### Task statement
Would you copy, word for word, each line from the one with "Frozen spattered water in a car" to the end of the listing below, skipping all pictures?

### Input data
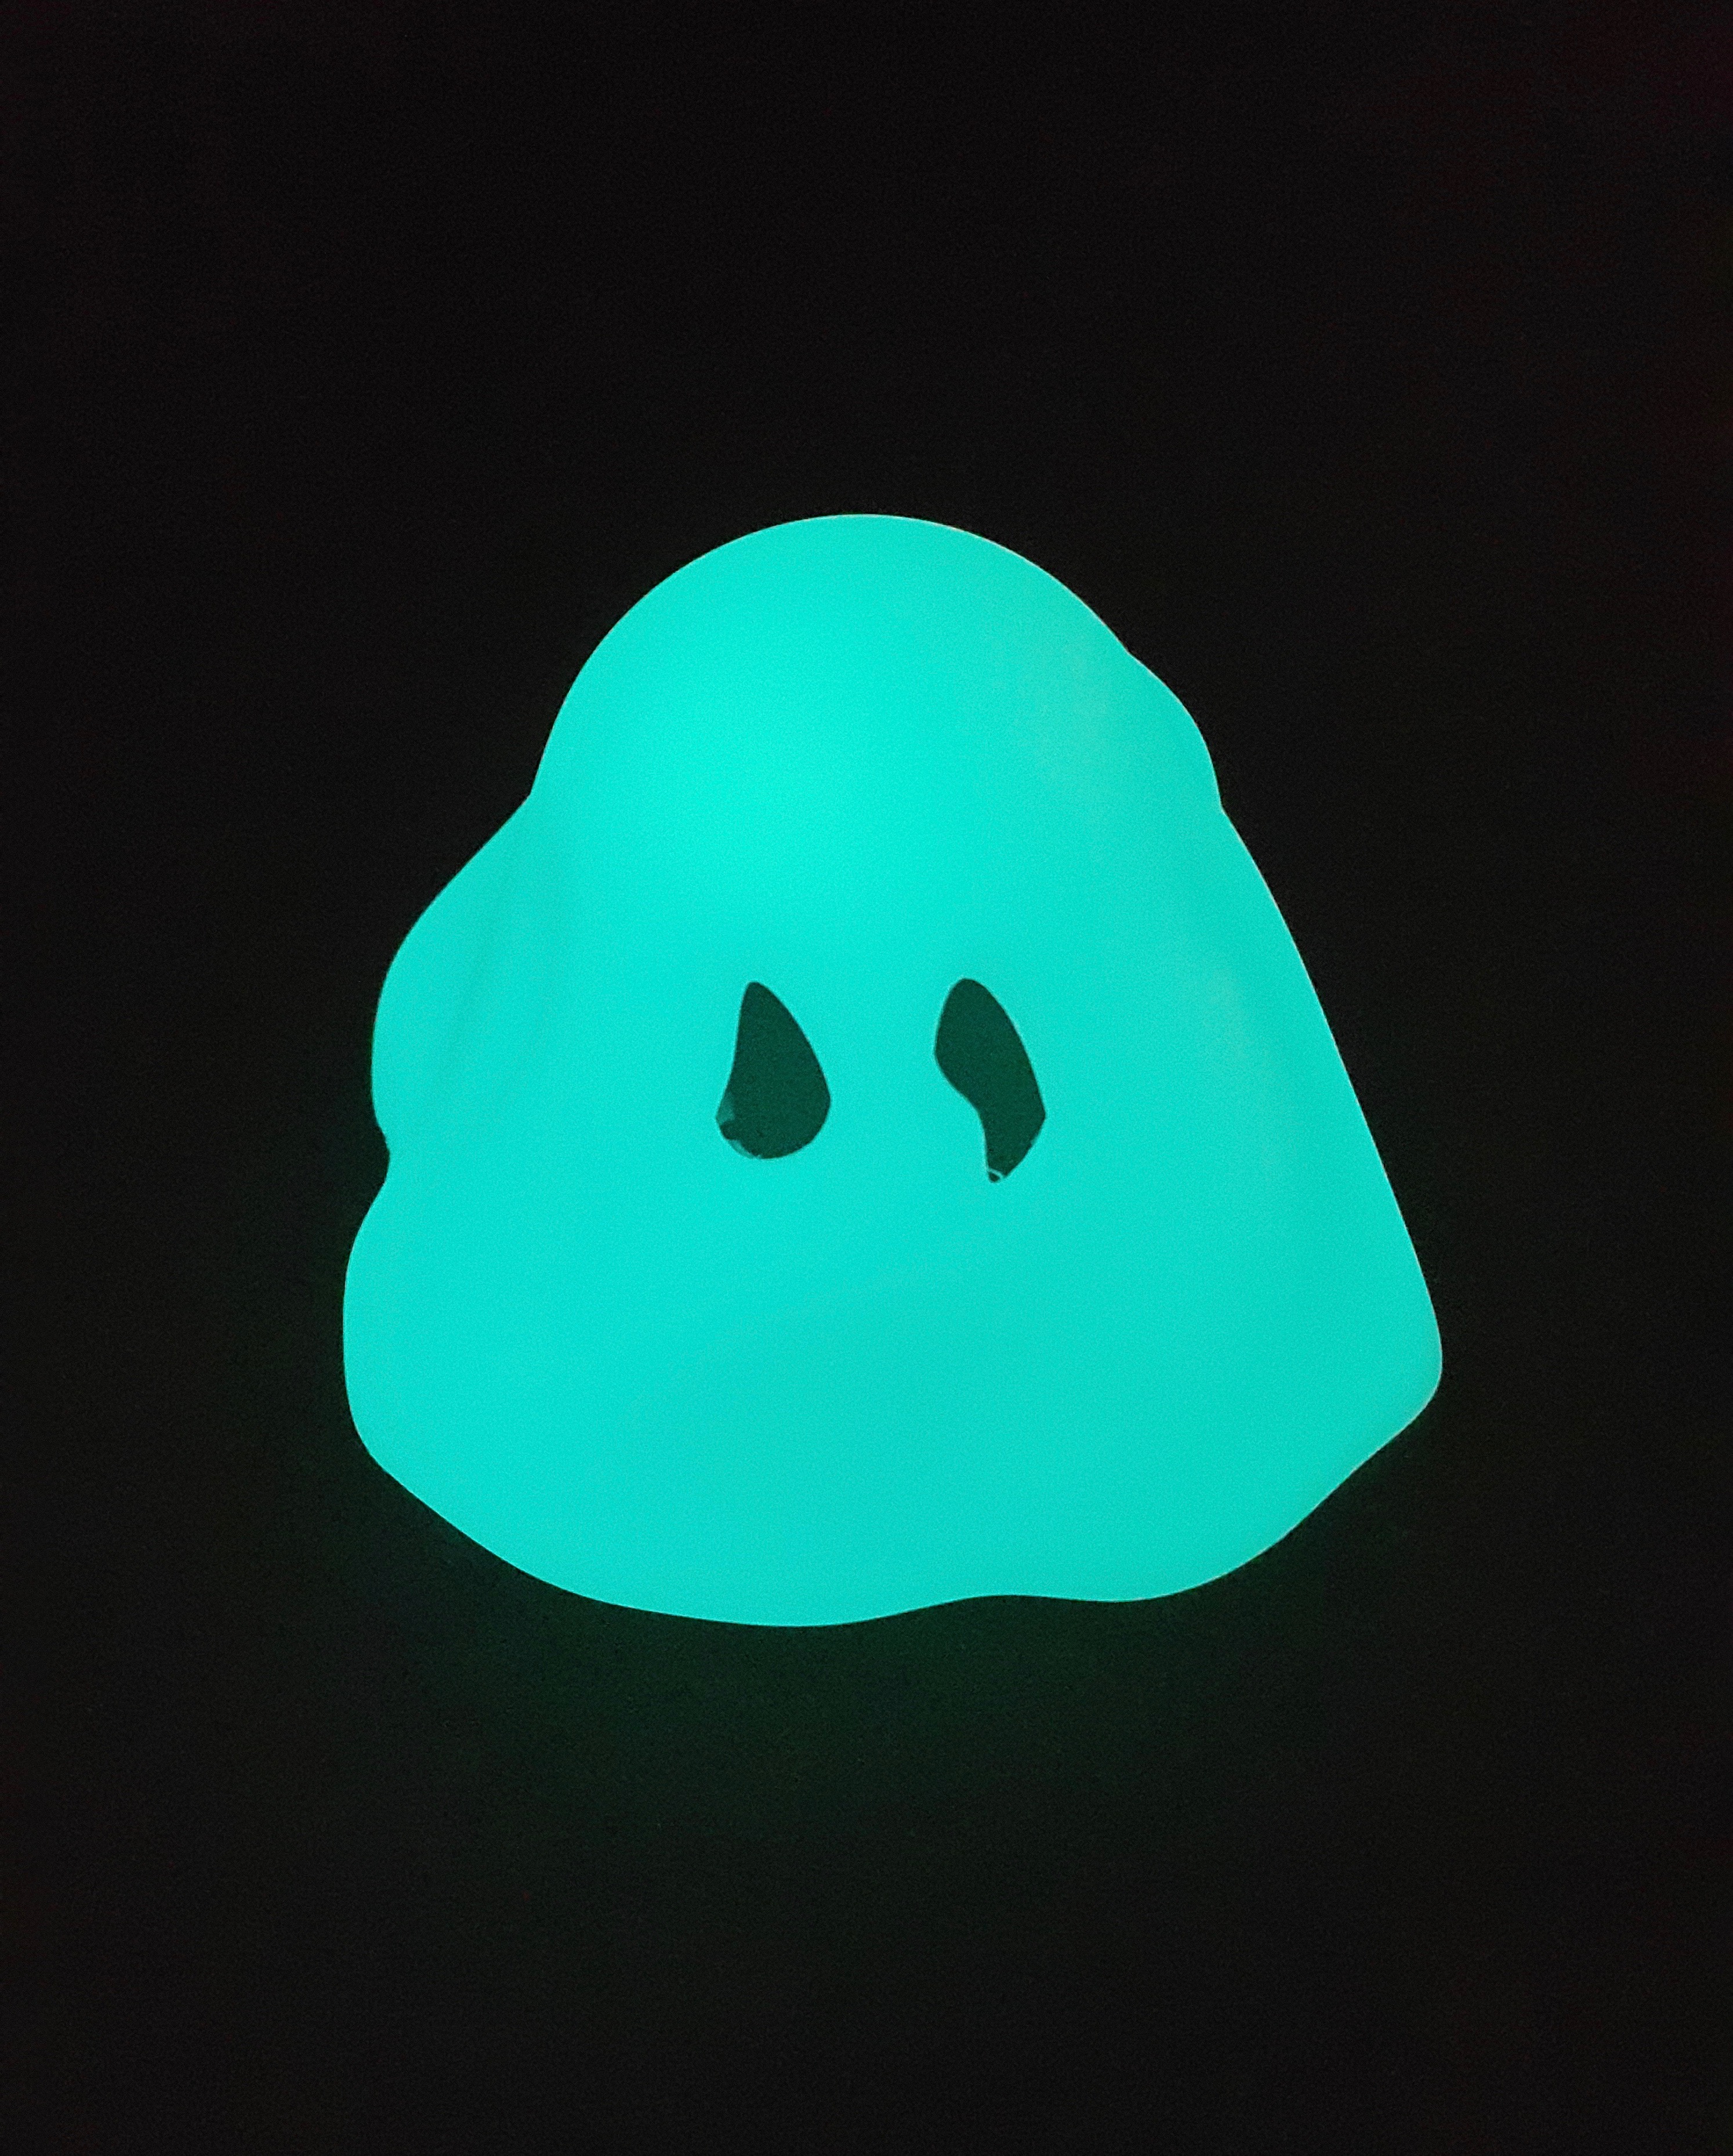 The Realize 3D Printed Ghost
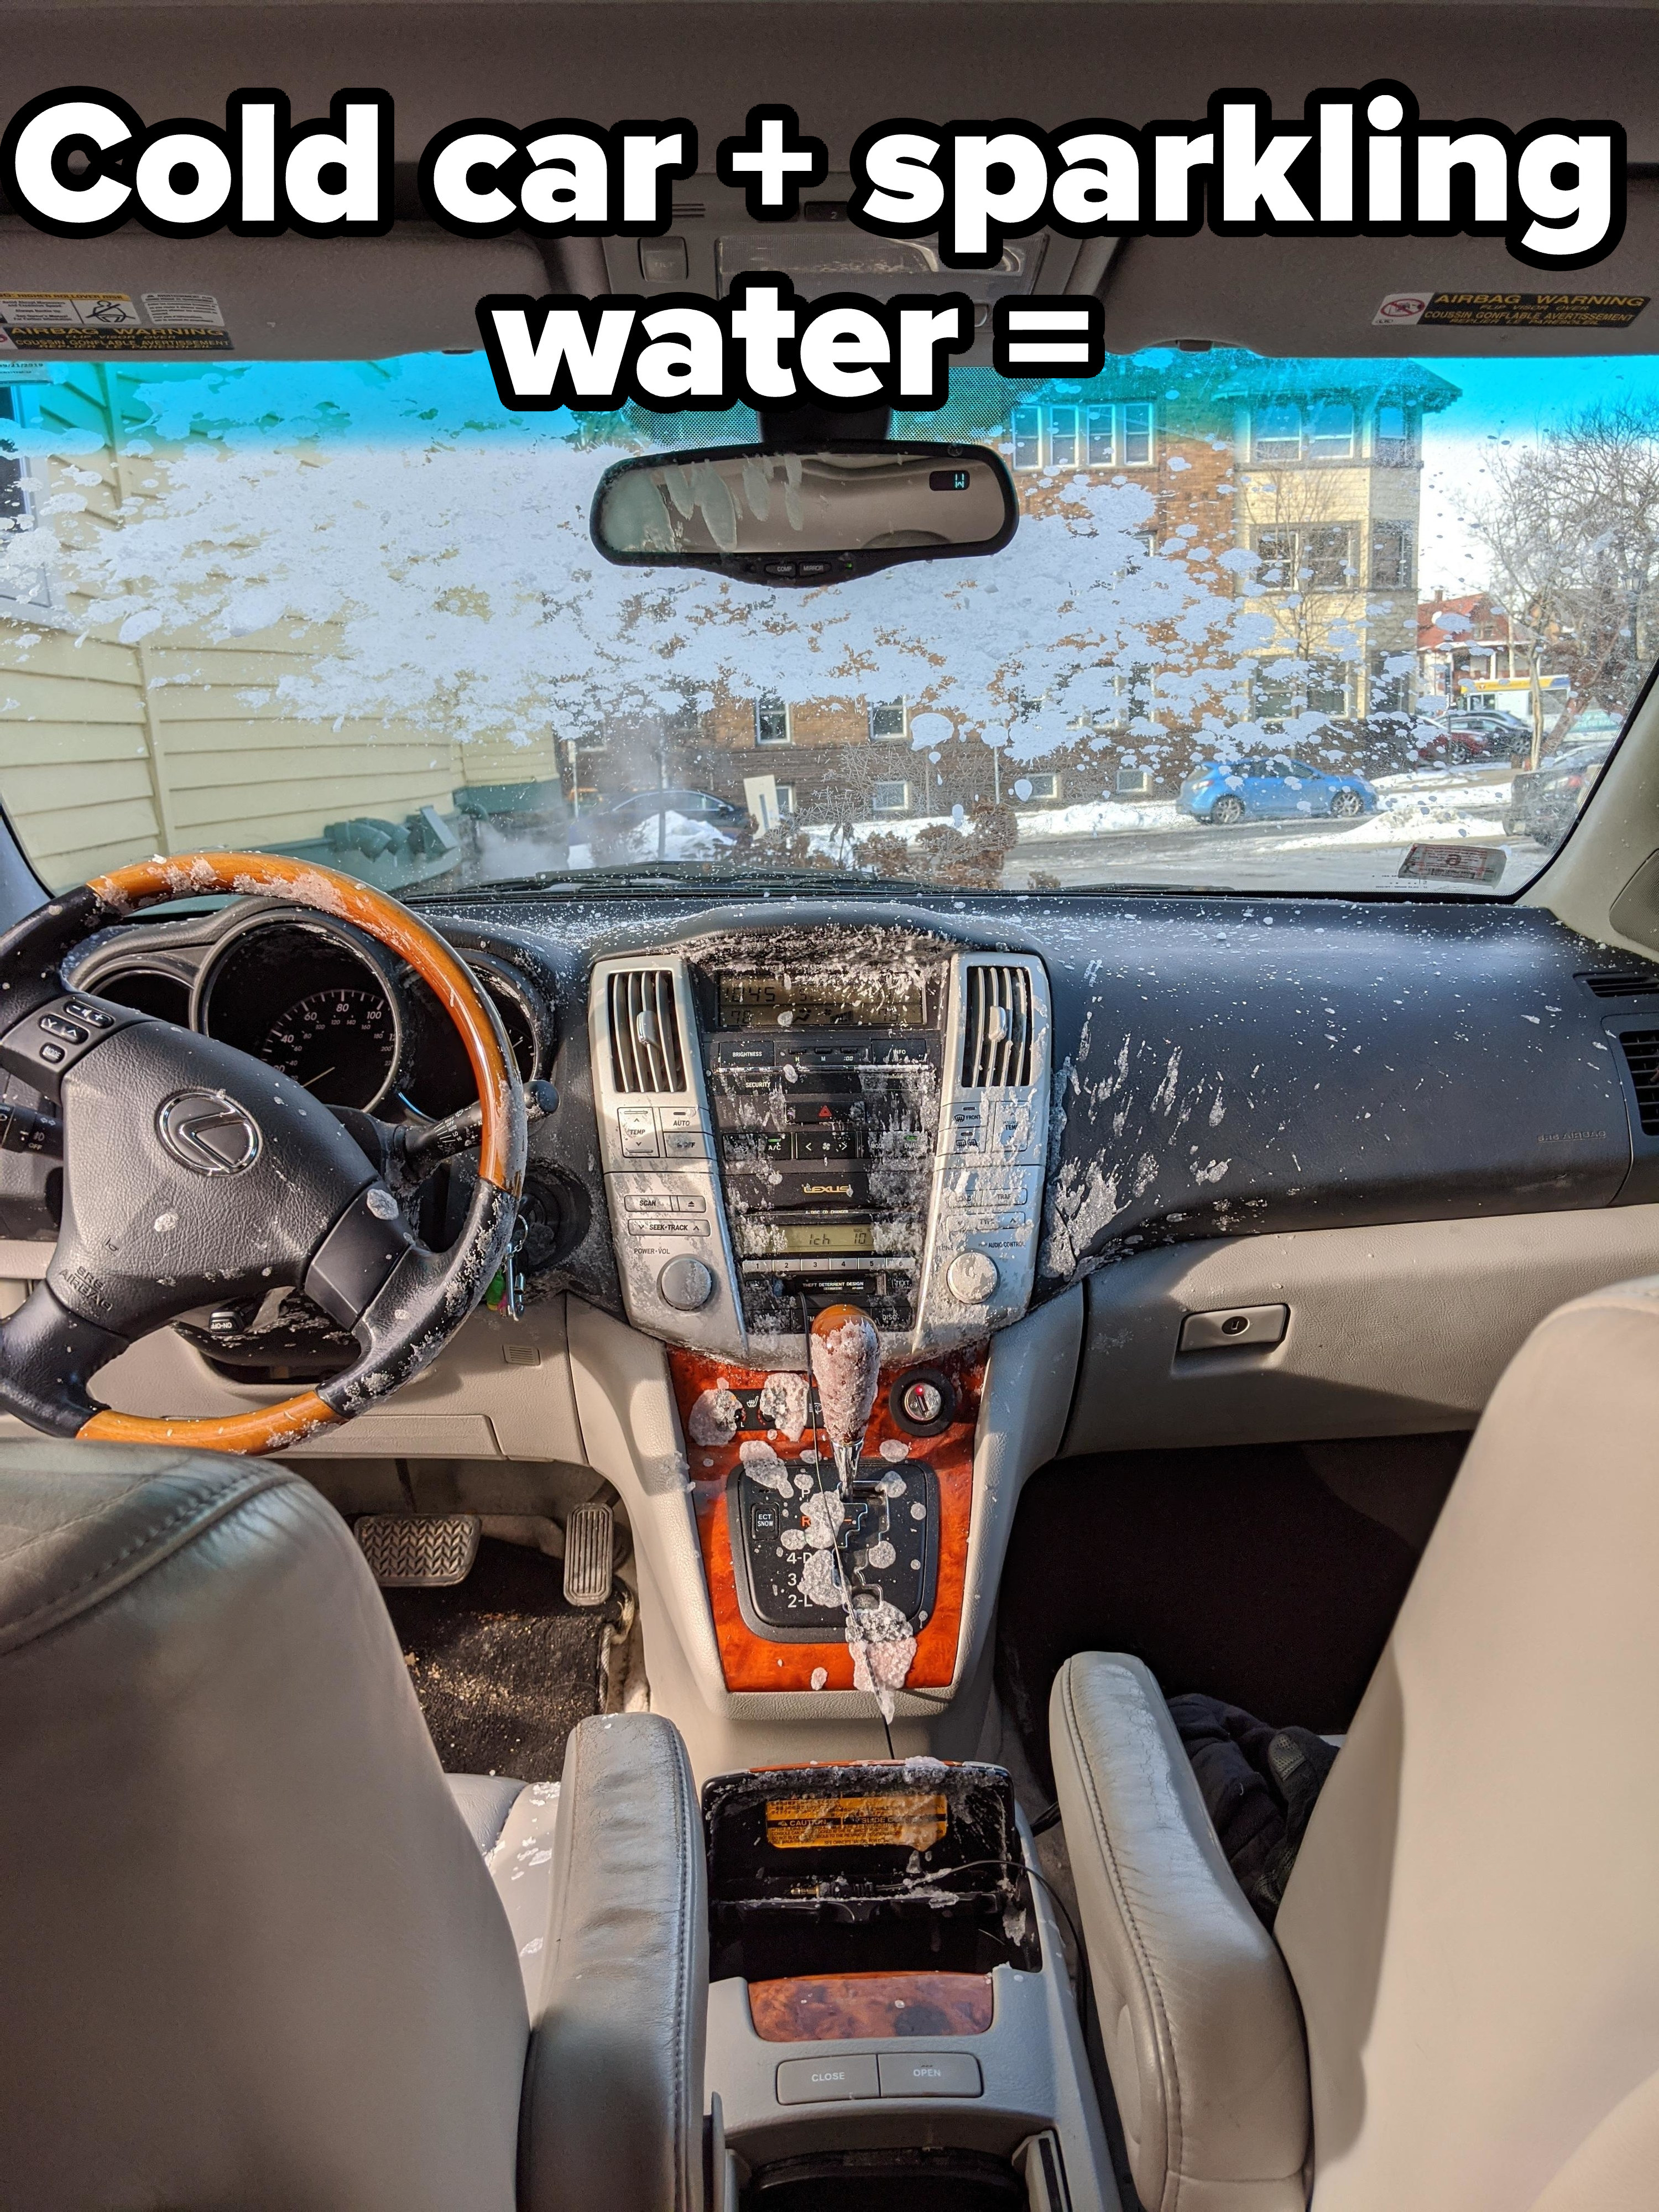 Frozen spattered water in a car
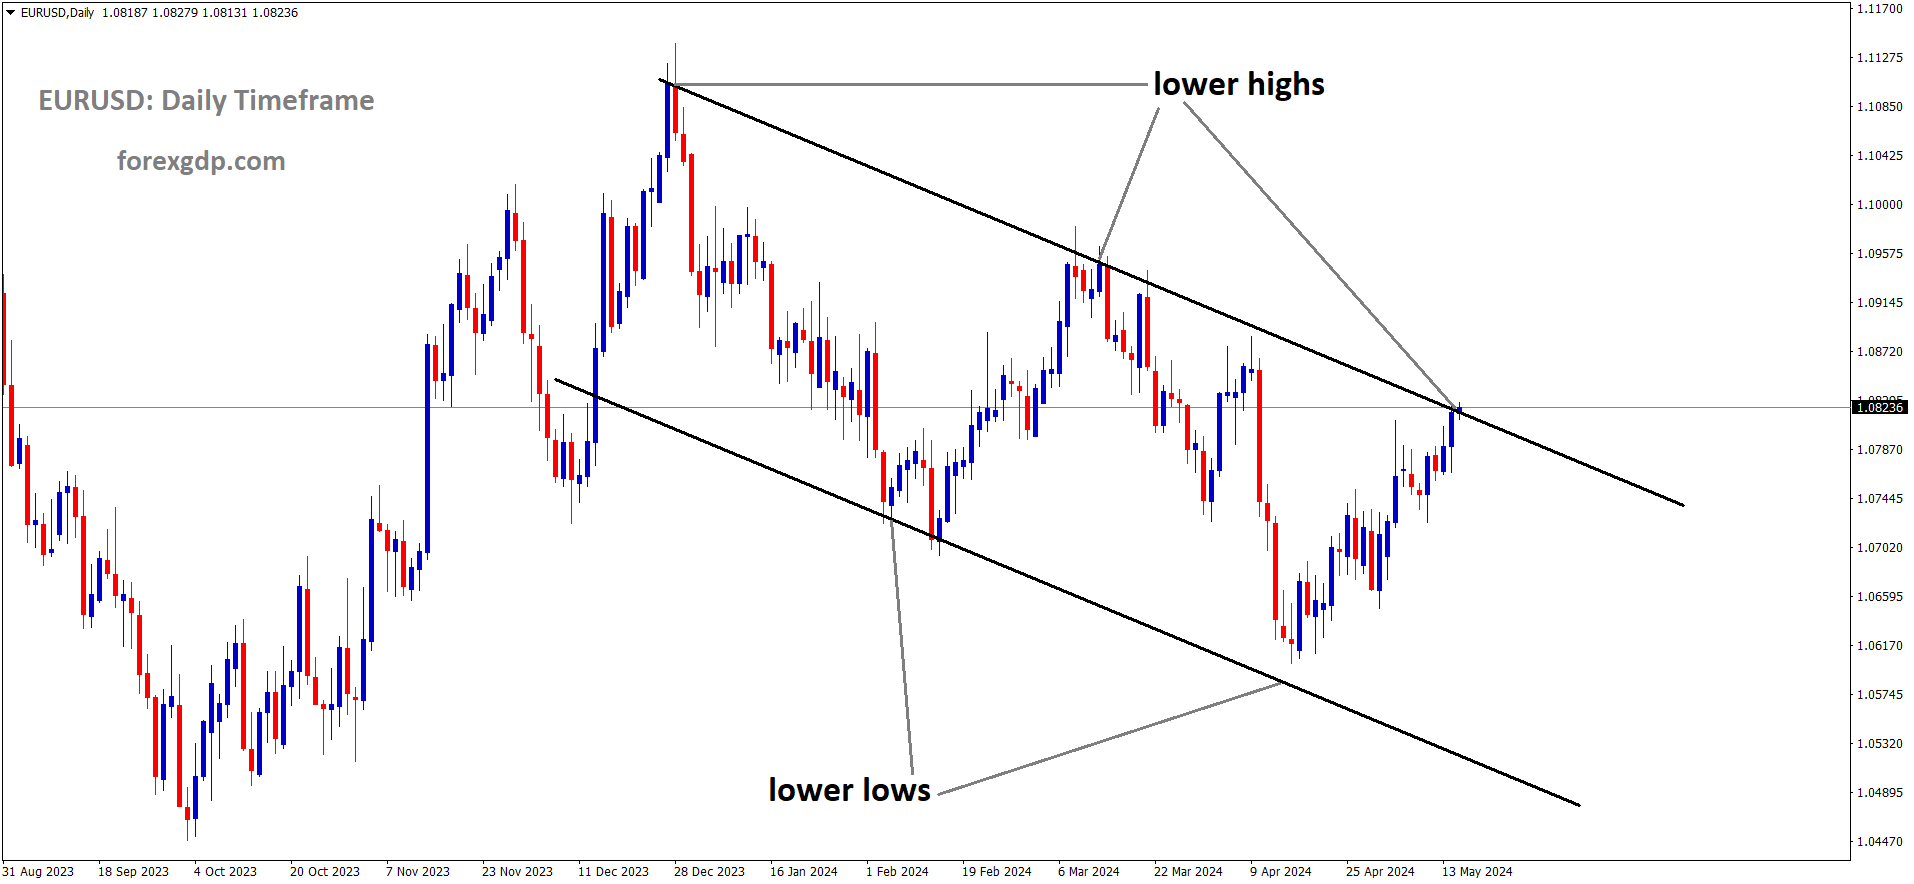 EURUSD is moving in Descending channel and market has reached lower high area of the channel

### Task result
 Frozen spattered water in a car
 EURUSD is moving in Descending channel and market has reached lower high area of the channel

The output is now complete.